その女は、ジロジロ俺を見て、クスッと笑うと部屋を出ていった……。
……にしても、臭い女だったな。誰だか知らんが。俺は、王子だぞ!追放されたけどな……。
それから、しばらくして、母親という女が部屋に入ってきた瞬間、表情が一瞬険しくなった。
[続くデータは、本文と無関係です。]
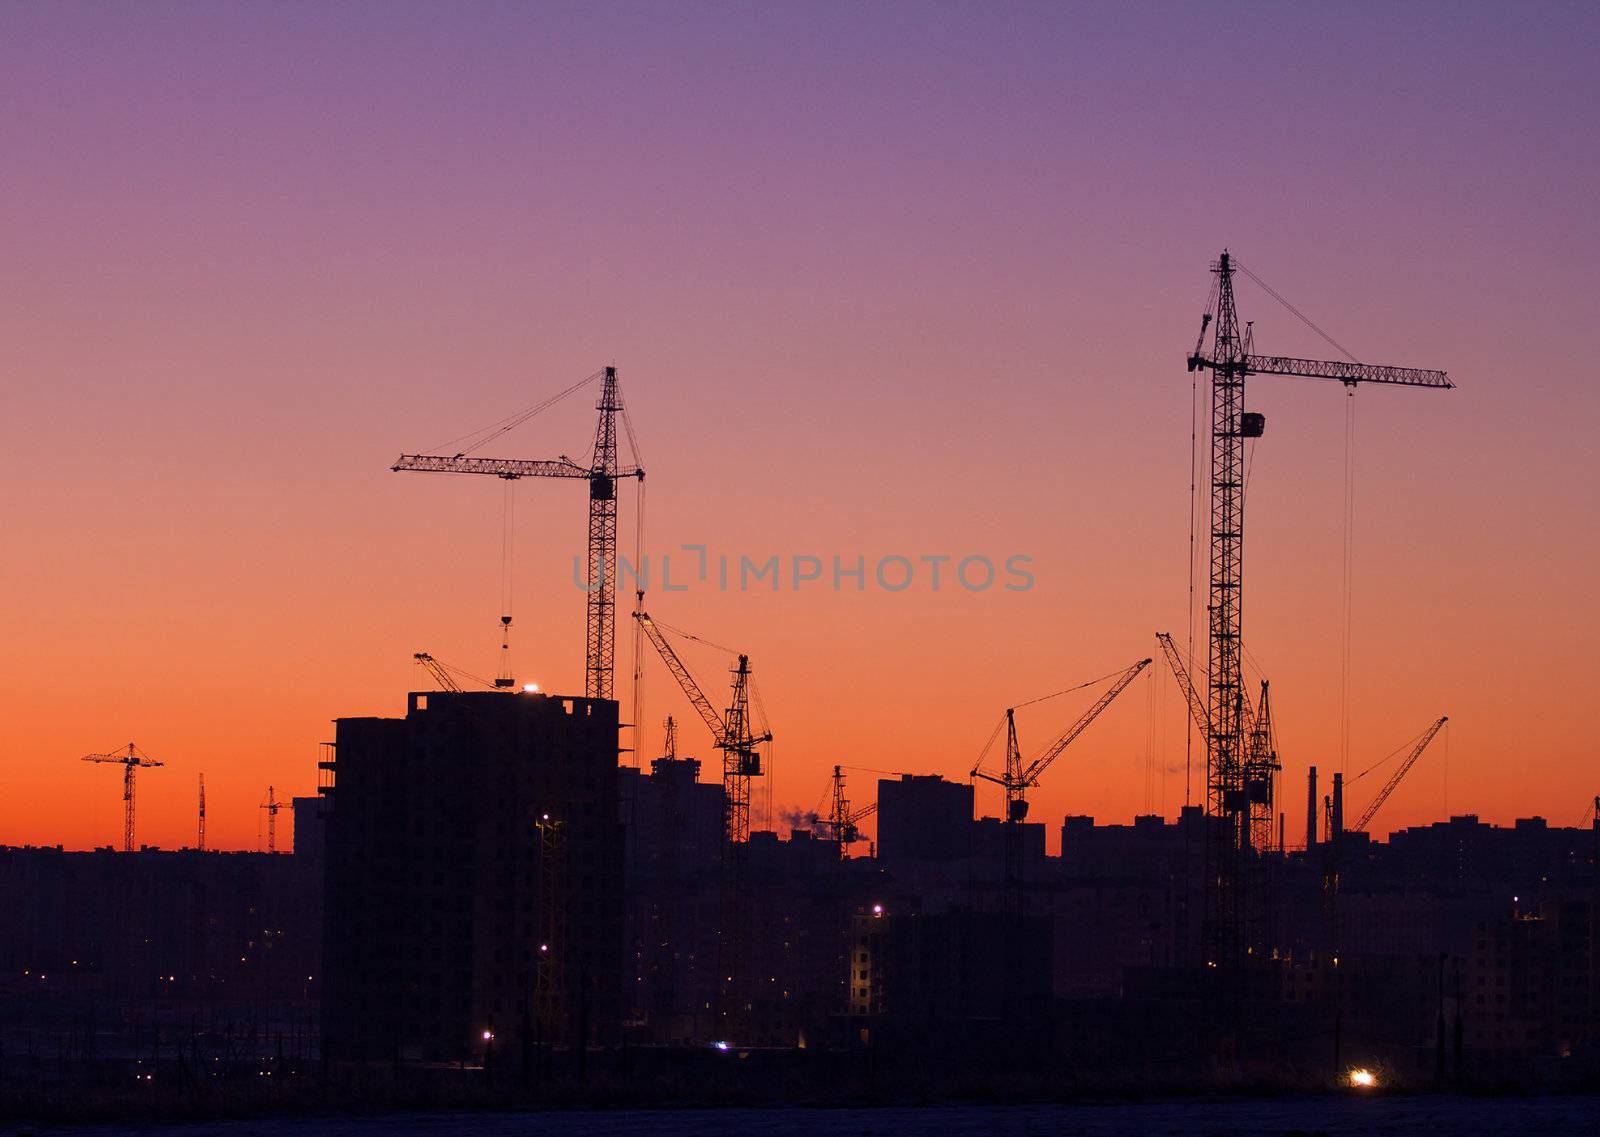 city under construction on sunrise

「聖、売店にね、あなたの好きなプリンがあったから買ってきたわ……。食べるでしょ?」
プリン?なんだそれ。第一、俺菓子は食わない……。
……が、このプリンという食い物は、美味かった。甘くて、下の方がちょっと苦かったけど、上の焦げた感じのプルンッとしたのが、なんともはや……。
「美味い……」
それだけの言葉を発しただけで……。
ヒジリ?ってやつの母親は、泣くのが本当に好きらしいな!
まだ完全な食事は、まだいけないらしいが……。
腕に刺さったテンテキというのも取れて、両腕がちゃんと使えるようになった。
「うっ!」
「はい、あと少し。頑張って!」
動く椅子に座らされた俺は、変な二本の棒を掴んで、立ち上がったり、歩いたり……そんな練習をするようになった。
赤ん坊扱いか?
「これ頑張ったら、明日から普通にご飯! 食べれるからな!」
飯?!マジ?
プリンと変なドロドロしたのしか食わせて貰ってない俺は、そのご飯にありつきたくて、むちゃくちゃリハビリってのを頑張った!
のに!!
「これ……だけ?」
楽しみにしていたご飯というのは、小さな器に入った白いなにかとあったかい汁と……。
「これ、うまっ!!」
甘辛く焼いた肉みたいなやつだった。